Serverless Inference with GCP Cloud Run and TensorFlow.

Question

Pulumi · Accepted Answer

To create a serverless inference with GCP Cloud Run and TensorFlow, we are going to follow these high-level steps:

1. **Containerize the TensorFlow Model**: Package your trained TensorFlow model into a Docker container that exposes the model’s inference capabilities as a REST API.

2. **Push the Container to Container Registry**: Push your Docker container image to Google Container Registry so that it can be deployed to Cloud Run.

3. **Deploy to Cloud Run**: Create a Cloud Run service that pulls the container image from the Container Registry and runs it.

For the purpose of the Pulumi program, I will assume you have already containerized your TensorFlow model. Also, GCP (Google Cloud) credentials are assumed to be set up appropriately for Pulumi to interact with your GCP account. The following Pulumi program is written in Python and showcases how to deploy the containerized model on Cloud Run:

1. Import the necessary GCP module for Cloud Run.
2. Define the Cloud Run service using the `Service` class.
3. Set up necessary permissions if needed.

Here's the Pulumi program that performs these steps:

```python
import pulumi
import pulumi_gcp as gcp

# Replace 'PROJECT_ID' with your GCP project ID and 'IMAGE_URL' with the URL of your container image
PROJECT_ID = 'your-gcp-project-id'
CONTAINER_IMAGE_URL = 'gcr.io/your-project-id/your-tensorflow-model-container'

# Create a Cloud Run service
tensorflow_service = gcp.cloudrun.Service("tensorflow-service",
    location="us-central1",
    template=gcp.cloudrun.ServiceTemplateArgs(
      spec=gcp.cloudrun.ServiceSpecArgs(
        containers=[
            gcp.cloudrun.ServiceSpecContainerArgs(
                image=CONTAINER_IMAGE_URL,
                ports=[gcp.cloudrun.ServiceSpecContainerPortArgs(
                    container_port=8080
                )]
            )
        ],
        # A timeout seems useful in case the prediction/inference takes too long and should be configurable.
        timeout_seconds=300,
    )),
    metadata=gcp.cloudrun.ServiceMetadataArgs(
        # 'PROJECT_ID' here will be taken from predefined variable.
        namespace=PROJECT_ID,
    ),
    traffic=[gcp.cloudrun.ServiceTrafficArgs(
        percent=100,
        # 'latest_revision' will always route traffic to the most recent revision.
        latest_revision=True
    )],
    project=PROJECT_ID,
    autogenerate_revision_name=True
)

# Export the URL of the Cloud Run service
pulumi.export('url', pulumi.Output.concat('https://', tensorflow_service.statuses[0].url))
```

Here's what each section of the code is doing:

- The `pulumi_gcp` Python package is being used to create resources on Google Cloud Platform.
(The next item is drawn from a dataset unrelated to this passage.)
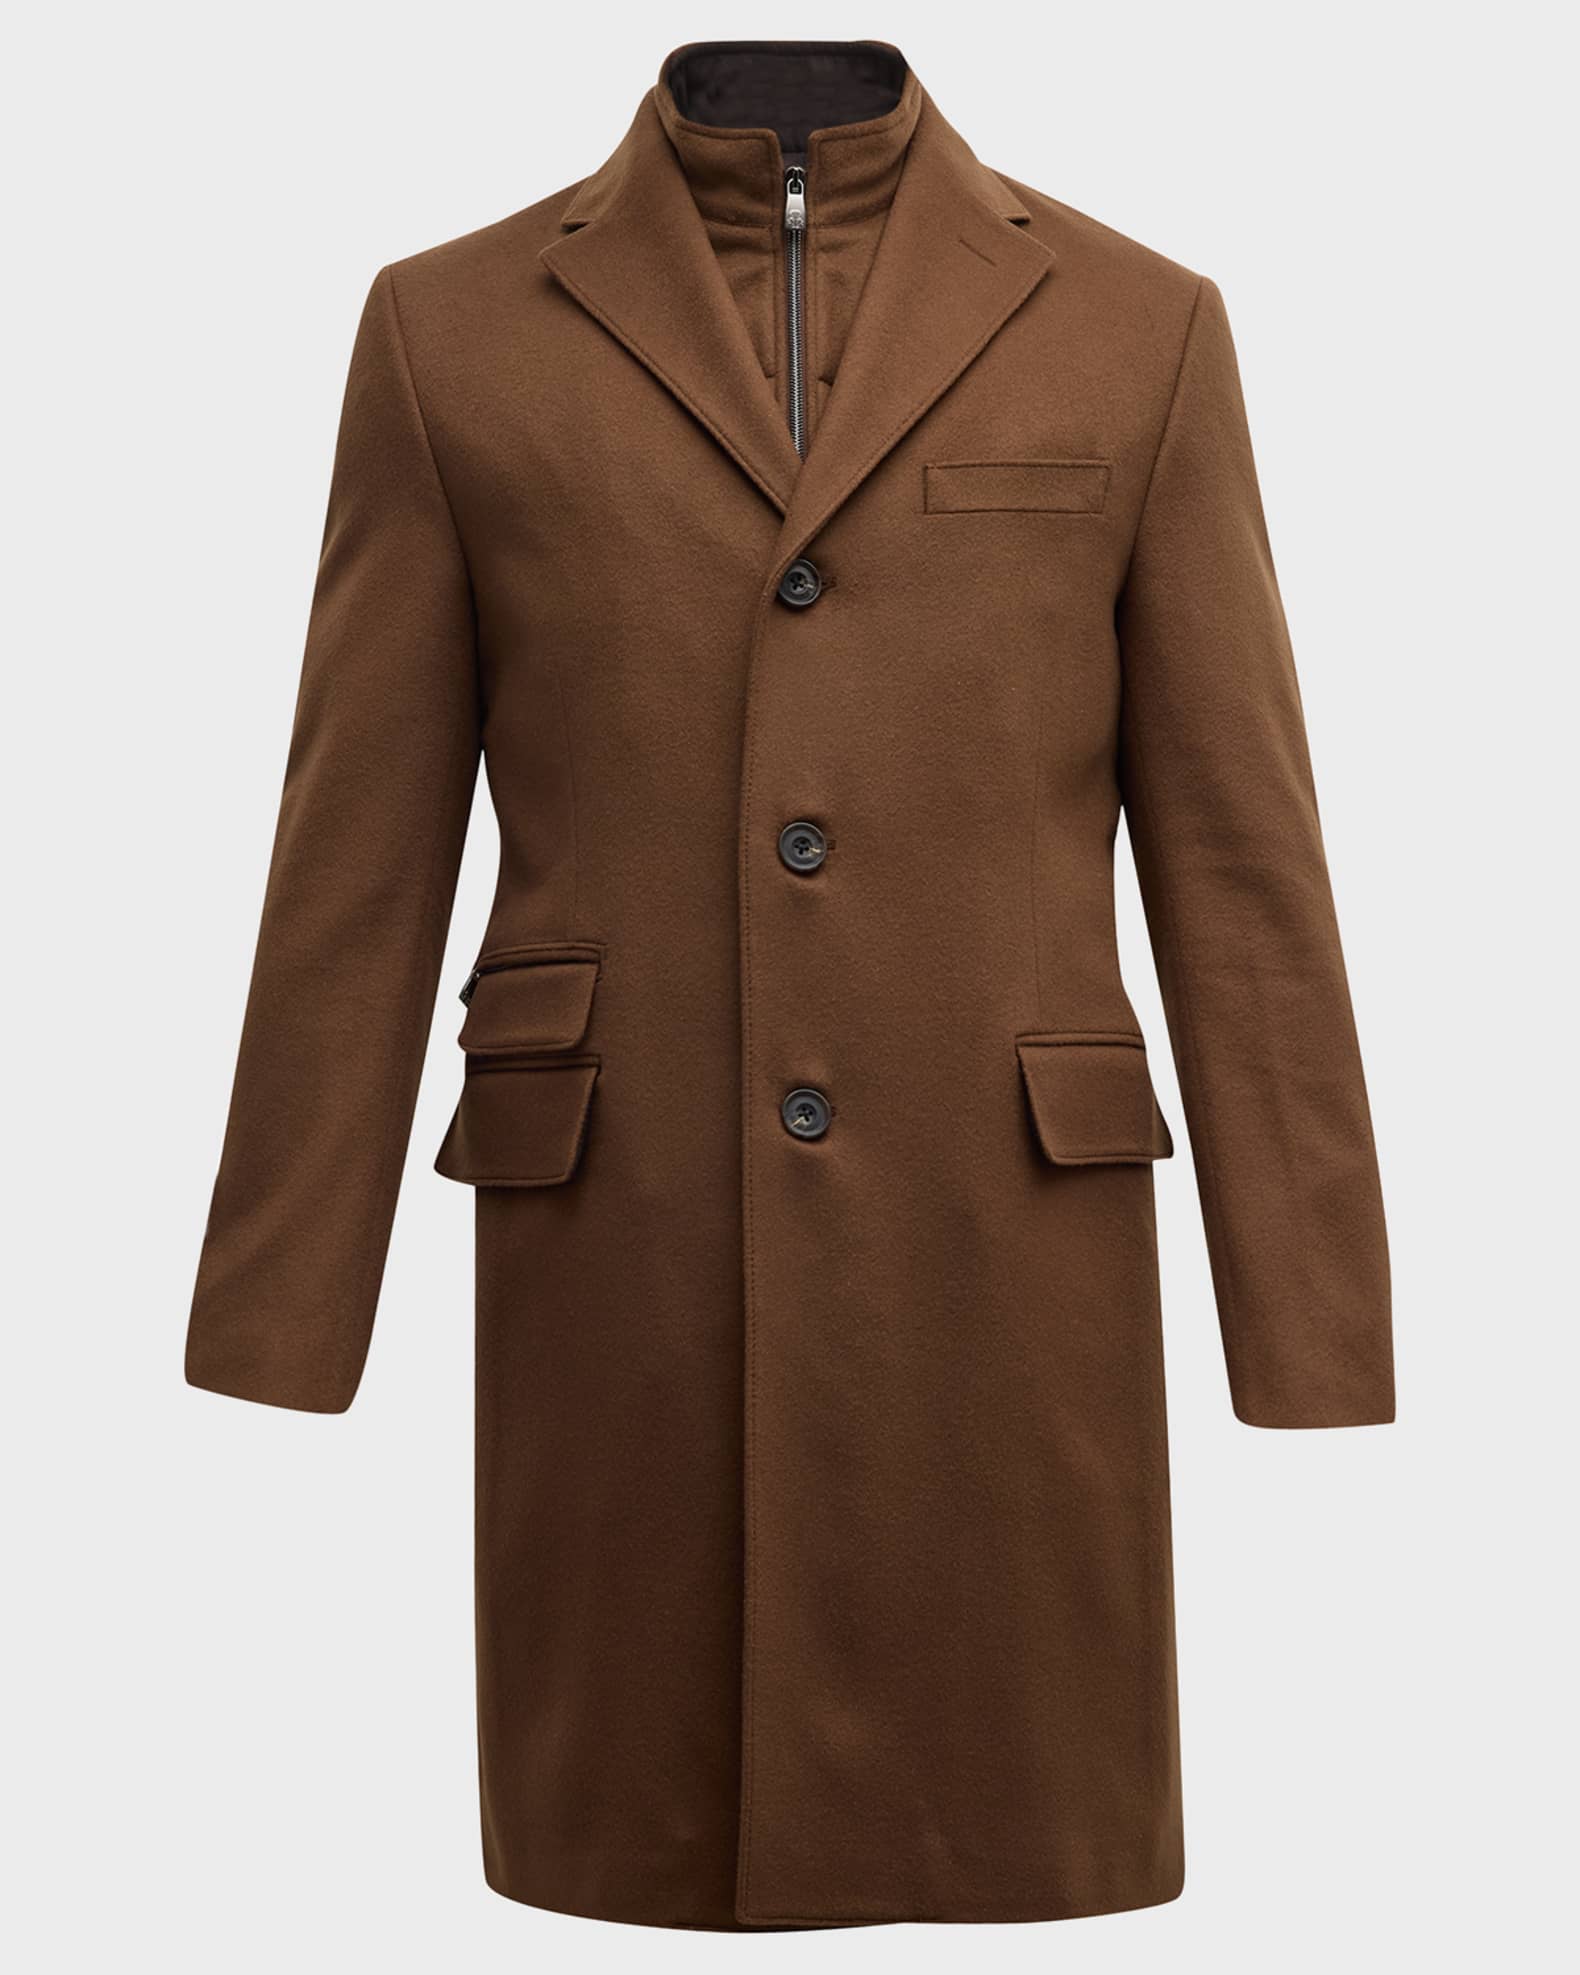 Corneliani Men's Wool Overcoat with Detachable Liner | Neiman Marcus

- The `gcp.cloudrun.Service` class defines a new managed Cloud Run service. It expects parameters like `location` for where to deploy the service, `template` to describe the pod that runs on Cloud Run, `metadata` to provide additional information like the namespace, and `traffic` to configure how incoming requests are routed.

- The `template` parameter is particularly important here, as it's where you define the container images and their configurations, including the `image` property with the path to the container in Google Container Registry and the `ports` property to configure the container port your application listens on.

- The `gcp.cloudrun.ServiceTrafficArgs` specifies how to route traffic to revisions of this service. Here, we are routing 100% of the traffic to the latest revision with `latest_revision=True`.

- The exported URL `pulumi.export('url', pulumi.Output.concat('https://', tensorflow_service.statuses[0].url))` is the endpoint where you can interact with the deployed TensorFlow model for inference requests.

We just created a Cloud Run service that can be used to perform serverless inference with a TensorFlow model. This model is highly scalable and requires no server management, making it convenient and cost-effective for machine learning inference workloads.